We are living and breathing paradoxes. Walking around the world feeling, thinking, and being opposite things in any given moment. That’s just who and what we are. And I would say that most of us have a version of this deep dichotomy inside of us. We are both able of accomplishing the most remarkable things, and the most destructive. What my therapist was trying to tell me with those questions, was that much of my past and current chaos was due to the fact that I kept avoiding my special mythology in favour of my worthlessness one. I was recently reminded of this in two ways. First, a good friend of mine has recently found a new job, after a long and patient period of searching her soul, being kind to herself, and testing her values. It has paid off, as it always does, but life is tricky and complex, and sometimes we don’t get enough time and space to give ourselves these moments to stop, reflect, and feel. I’m extremely happy and excited for her on this new journey. I believe that, in short, she was looking for her own specialness and reclaiming it for herself. The second thing was listening to a podcast interview with Esther Perel – one of my therapy idols – where she was saying that sometimes her most difficult therapy sessions were her best. The ones where she was feeling down and depressed, or experiencing some emotional turmoil, often end up being her most productive ones.

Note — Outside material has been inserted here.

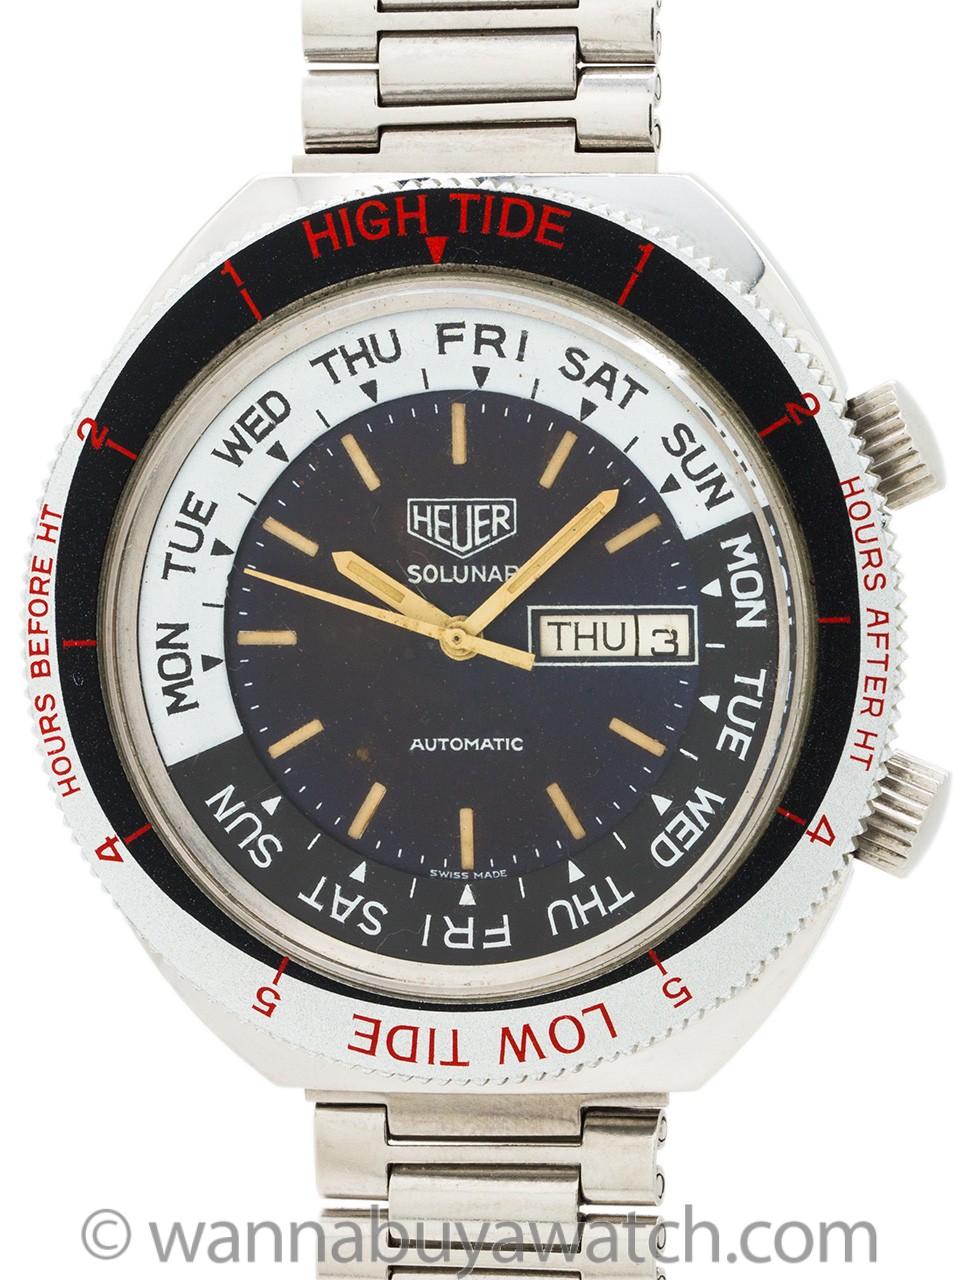 "Heuer Solunar ref 279.603 Hi Tide Low Tide circa 1976 ""Globetrotter Memorobilia"""
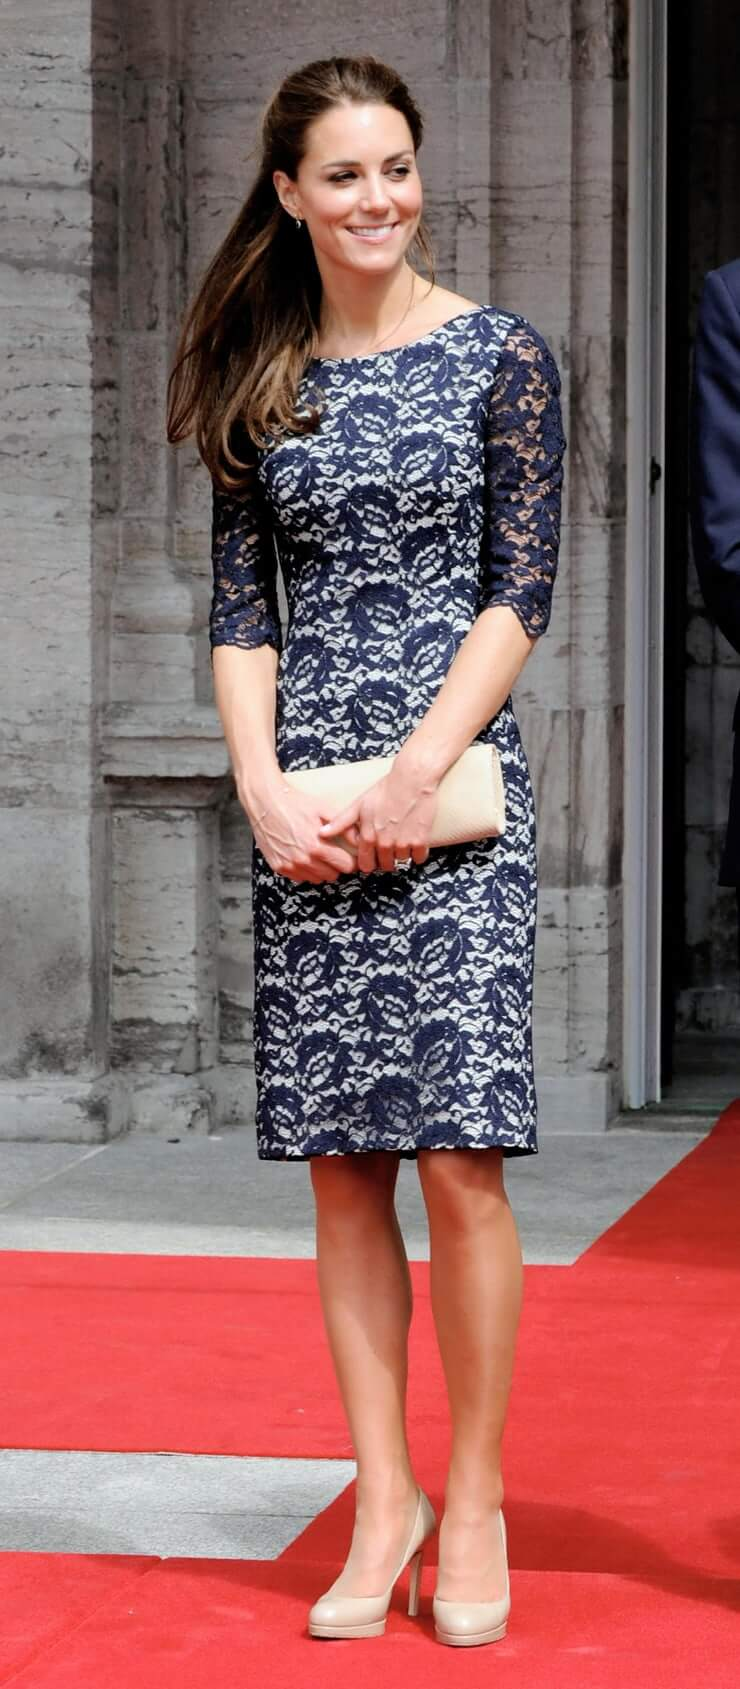 Catherine, Duchess of Cambridge feet

She attributes this to actually enabling her to be closer to her clients’ pain, as she was also experiencing pain.

Now, I’ve been very scared of this in recent years. I’ve over-worked myself to a burnout, which almost made me quit therapy altogether, and I’ve been really scared to manage this dynamic in my own life. How many clients are too many clients? How many sessions are too many sessions? Am I being a good therapist if I’m not feeling well? What listening to that interview helped me with was this: I forgot about the grey. I forgot that during the period that I was burning out and thinking of quitting therapy, I was also undergoing some of the most profound changes in my inner world, battling with health issues and their subsequent emotional upheaval, and generally engaging with a new-found perspective about my life. I forgot that the burnout was not just about my therapy work, it was also about all the things that were happening in my life at the time. And whenever there’s an upheaval, the personal mythology that arises and takes over is the worthlessness one. I’ve been letting fear get in the way of doing more, of accomplishing more, of being special, because my personal narrative of worthlessness has been running the show, somewhat unbeknownst to me.

This is constant work. To remind myself that I’m special. That I’ve accomplished great things, and that I can accomplish many more. That I’ve actually got much to give, and to receive. I’m reminded of that Marianne Williamson quote:

Our deepest fear is not that we are inadequate. Our deepest fear is that we are powerful beyond measure. It is our Light, not our Darkness, that most frightens us.

Embrace your specialness. Work at it. Remind yourself of it. In fact, try to surround yourself with people who can remind you of it. And sometimes, try to reach out and openly seek the help from those around you, who will remind you of how special you are to them, and this will help you remind yourself of how special you are, to yourself. It takes a village to do many things. Don’t forget your village. Use it. Invite them in. Be special with them.